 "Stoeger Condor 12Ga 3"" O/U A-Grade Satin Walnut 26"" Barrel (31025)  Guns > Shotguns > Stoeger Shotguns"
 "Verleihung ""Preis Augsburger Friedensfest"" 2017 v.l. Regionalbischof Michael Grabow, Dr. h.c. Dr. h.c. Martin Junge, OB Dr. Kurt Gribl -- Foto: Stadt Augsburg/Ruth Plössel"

________________________________________

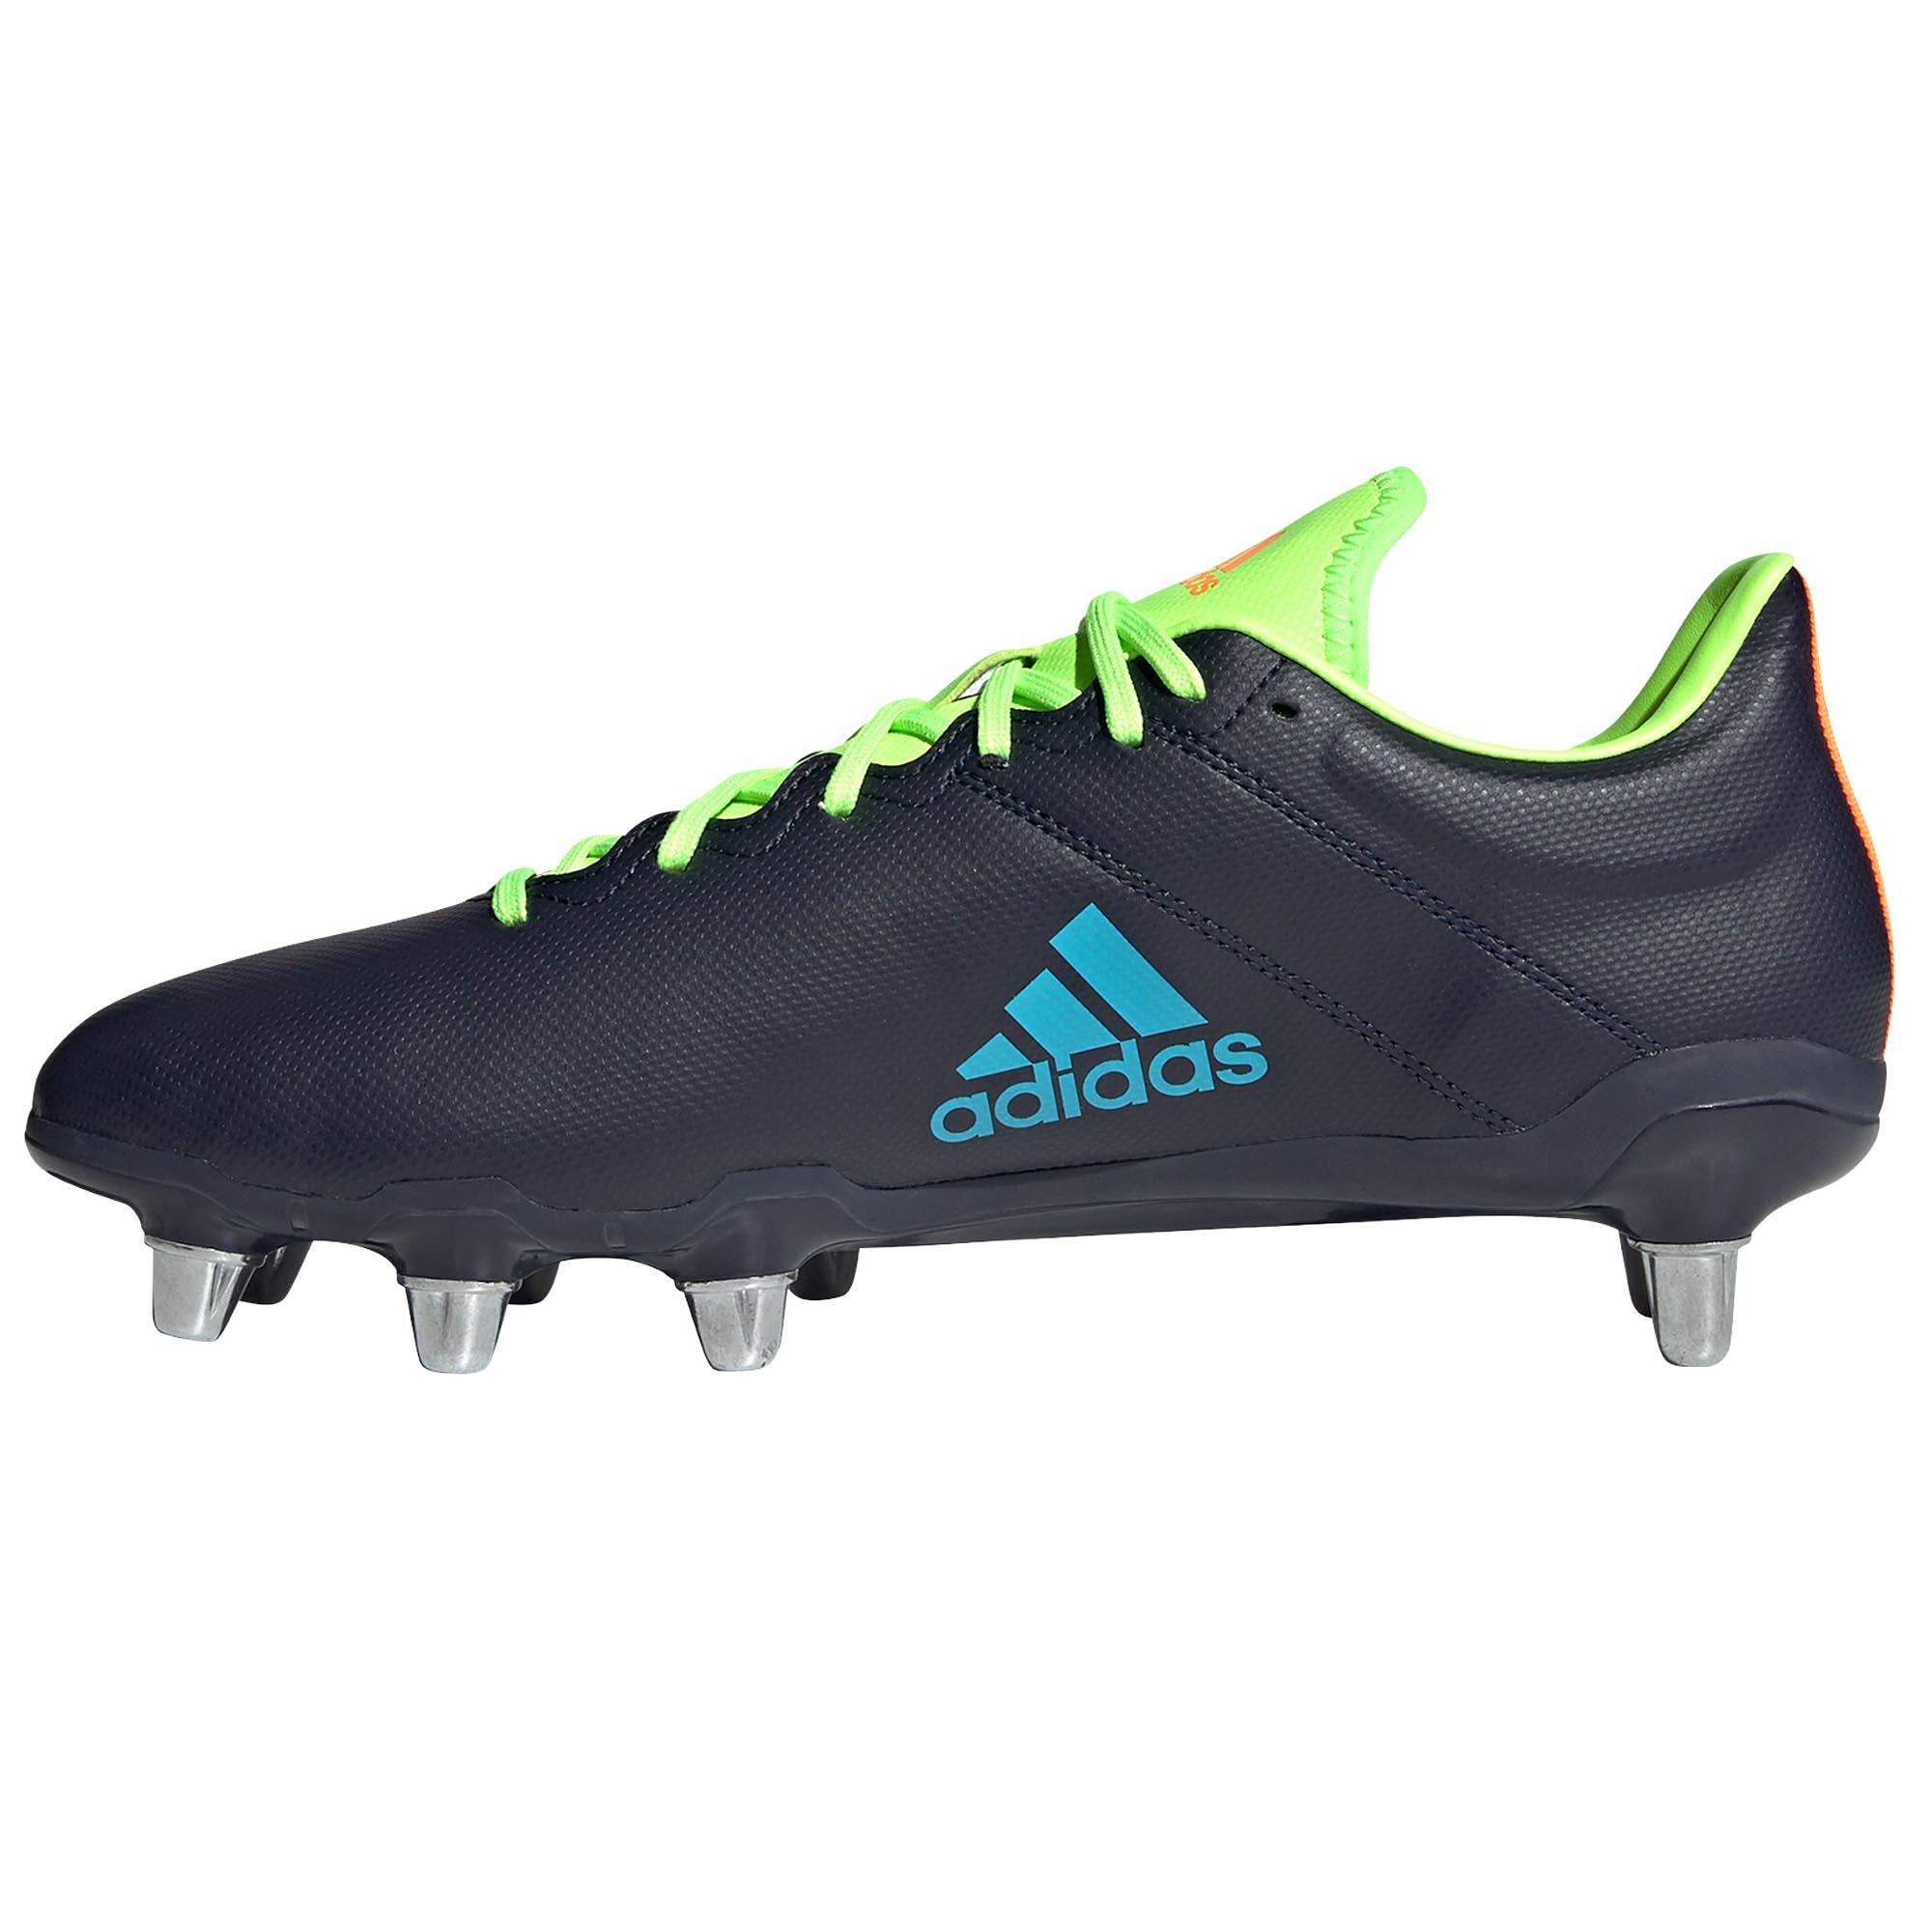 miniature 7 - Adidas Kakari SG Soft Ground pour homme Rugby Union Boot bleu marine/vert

________________________________________

> What is expected: Using the data above, transcribe the lines that run from the line with "O/U A-Grade Satin" to the line with "2017 v.l. Regionalbischof", both ends kept, and output nothing else.

> Exercise output:
 "Stoeger Condor 12Ga 3"" O/U A-Grade Satin Walnut 26"" Barrel (31025)  Guns > Shotguns > Stoeger Shotguns"
 "Verleihung ""Preis Augsburger Friedensfest"" 2017 v.l. Regionalbischof Michael Grabow, Dr. h.c. Dr. h.c. Martin Junge, OB Dr. Kurt Gribl -- Foto: Stadt Augsburg/Ruth Plössel"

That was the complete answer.